Use of icatibant self-administration
Of the attacks treated with icatibant, the majority were treated by self-administration both inside and outside the UK (95.8% versus 86.8%, respectively) (Fig. 5) with the rate of self-administration in the UK significantly higher (p < 0.001) compared to non-UK patients. Healthcare professionals administered icatibant for first attacks in around one-third of UK and non-UK patients in the IOS observation period (16/57 [28.1%] and 133/366 [36.3%], respectively). The mode of icatibant administration for the first five attacks for UK patients is shown in Fig. 6.

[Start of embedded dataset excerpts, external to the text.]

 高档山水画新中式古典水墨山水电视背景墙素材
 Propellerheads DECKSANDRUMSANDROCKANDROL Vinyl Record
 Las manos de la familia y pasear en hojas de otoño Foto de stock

Time to icatibant treatment, time to resolution and attack duration
Time to treatment with icatibant, time to resolution and duration of attack were not significantly different in the UK compared with non-UK patients, although there was a trend to earlier treatment in UK patients, p = 0.0632, p = 0.2774 and p = 0.1022, respectively (Table 4, Fig. 7).
Use of C1-INH rescue
In the UK, excluding one outlier with a very atypical pattern of use (described below), C1-INH was used as rescue medication in 12.7% of icatibant-treated attacks (48/378 attacks in 15/57 patients) compared with 9.2% of icatibant-treated attacks (304/3306 attacks in 86/436 patients) in non-UK patients.

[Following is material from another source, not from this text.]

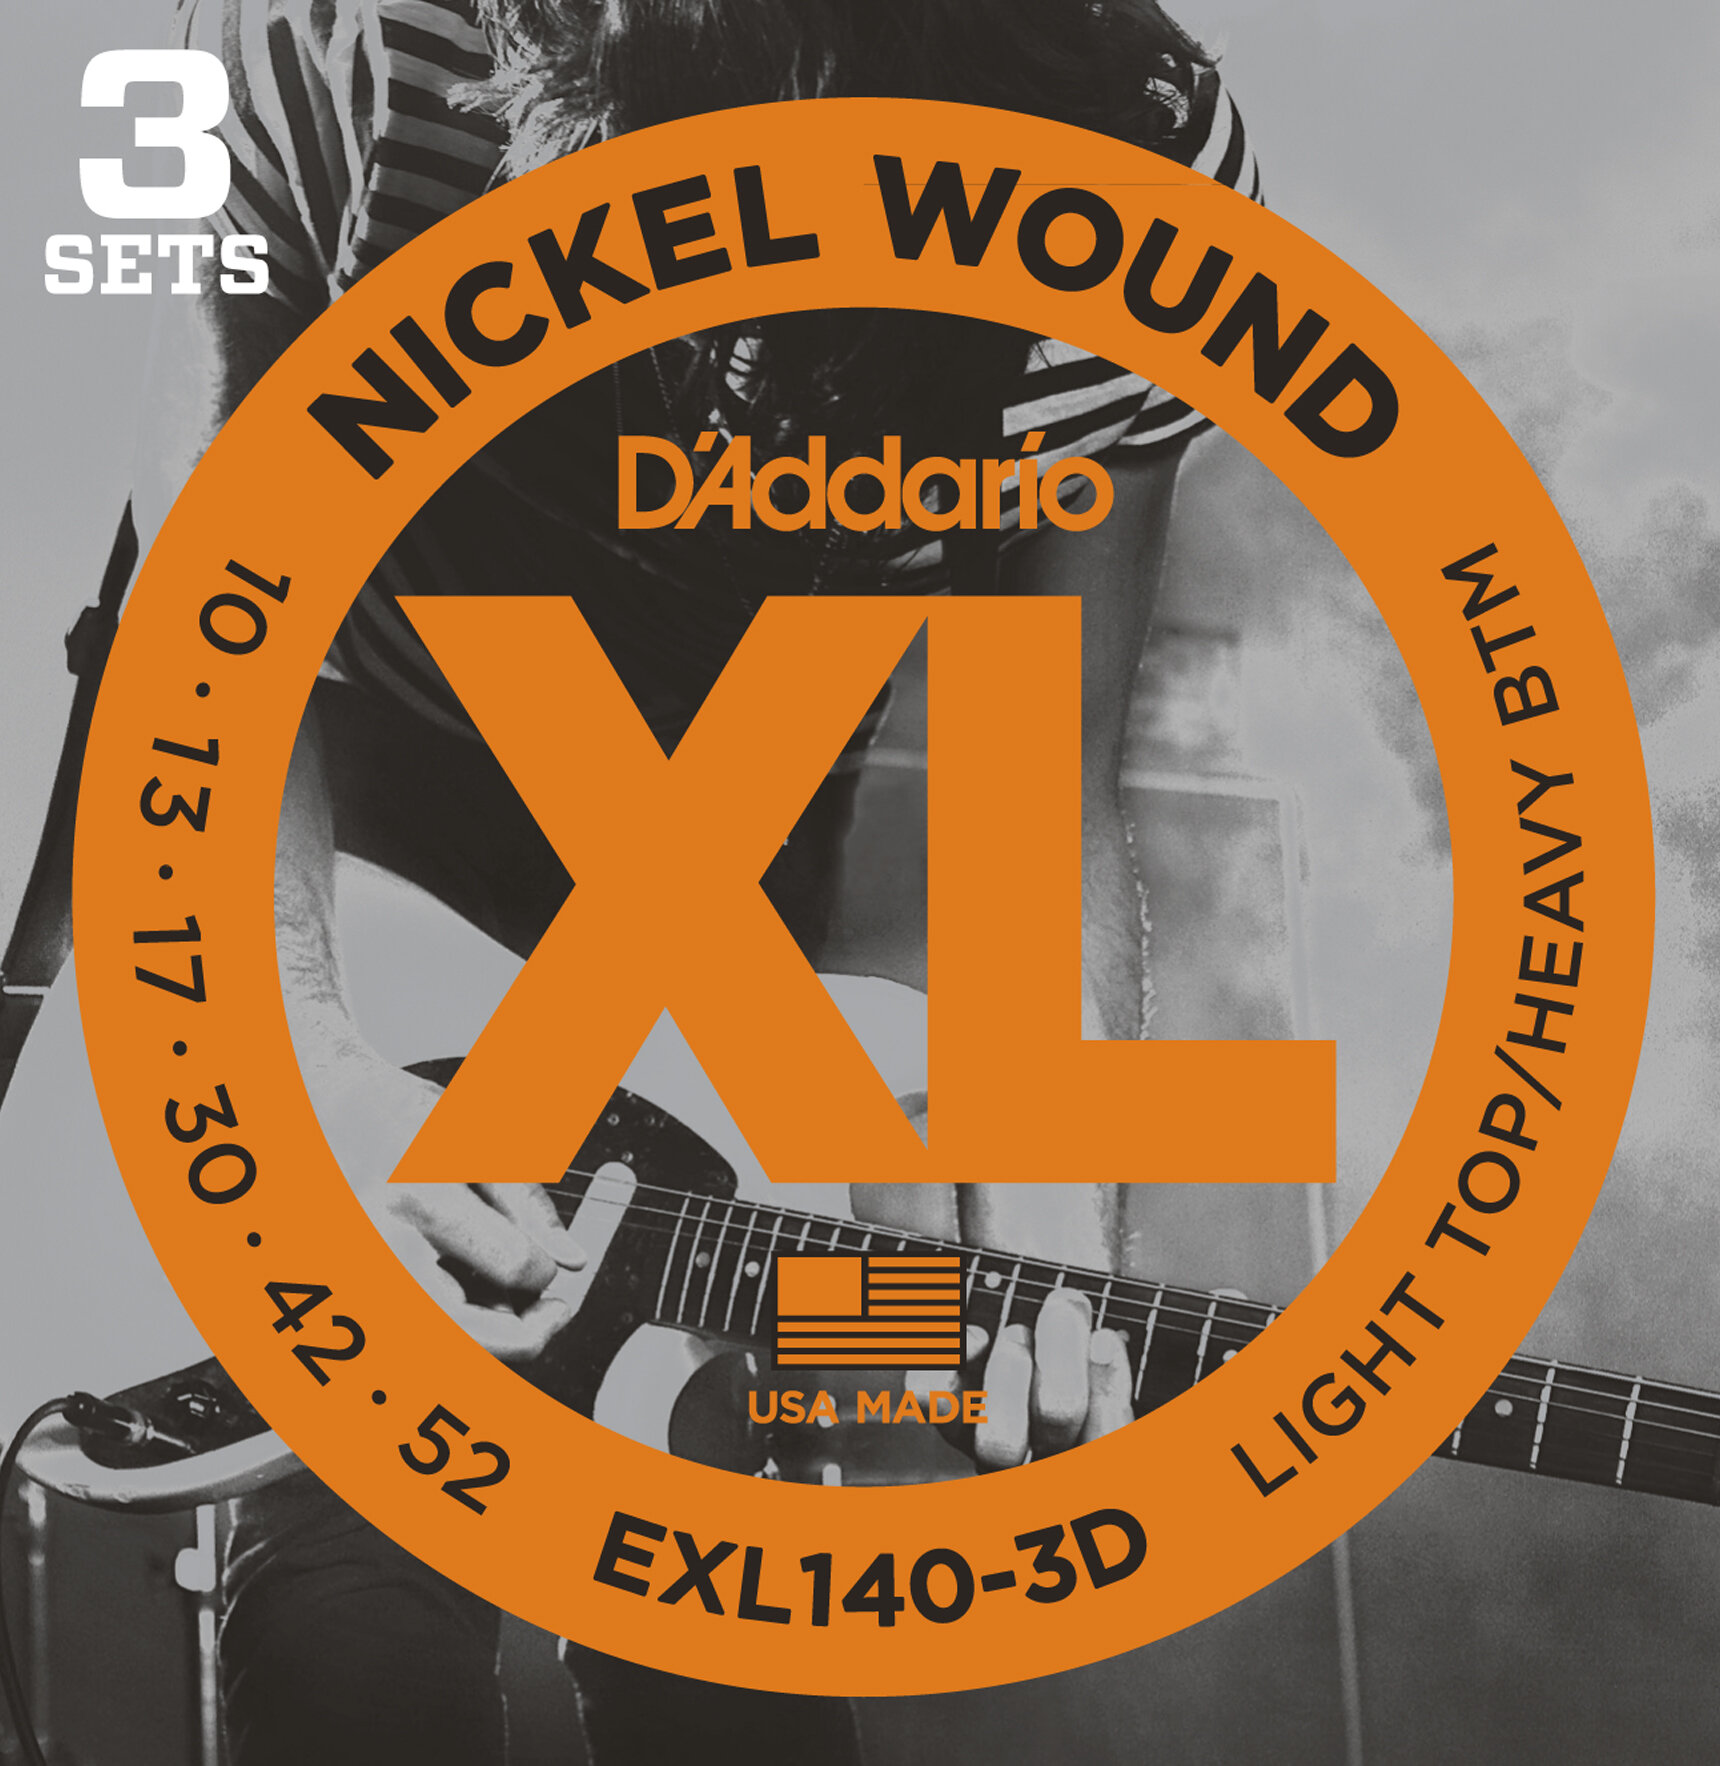 DAddario EXL140 Nickel Wound Electric Strings 3PK -  D'Addario, EXL140-3D

Clinical experience: patient with high icatibant reinjection and C1-INH rescue medication usage
Further analysis of the pattern of icatibant usage revealed that one patient in the UK had a high rate of icatibant reinjection combined with high usage of C1-INH rescue medication. This 50-year-old man with HAE type I self-administered icatibant for 57 HAE attacks (very severe, n = 12; severe, n = 39; and moderate, n = 6) between 22 October 2009 and 25 October 2014. Approximately half (27/57) of these attacks were treated with a second injection of icatibant and 86.0% (49/57) with C1-INH rescue medication. The median (IQR) time to first icatibant injection was 0.5 (0.5–1.0) h, median (IQR) time to complete resolution was 1.0 (0.5–9.5) h and median (IQR) duration of attack was 3.5 (1.0–11.0) h. Median (IQR) time between first and second icatibant injection was 9.0 (6.0–12.0) h and the median (IQR) time between second injection and complete resolution was 0.5 (0.5–0.5) h. During the treatment period the patient was under intense psychological stress and had frequent bouts of confirmed abdominal angioedema (Fig. 8). The majority of icatibant-treated attacks (68.4%; 39/57) were abdominal. The patient was receiving long-term danazol prophylaxis at attack onset for 49.1% (28/57) of icatibant-treated attacks. However, in spring 2011 prophylaxis with danazol became contraindicated owing to the development of abnormal liver function tests, hyperlipidaemia and weight gain. The patient initiated long-term prophylaxis with C1-INH in April 2011 and has reported only three icatibant-treated HAE attacks since that date.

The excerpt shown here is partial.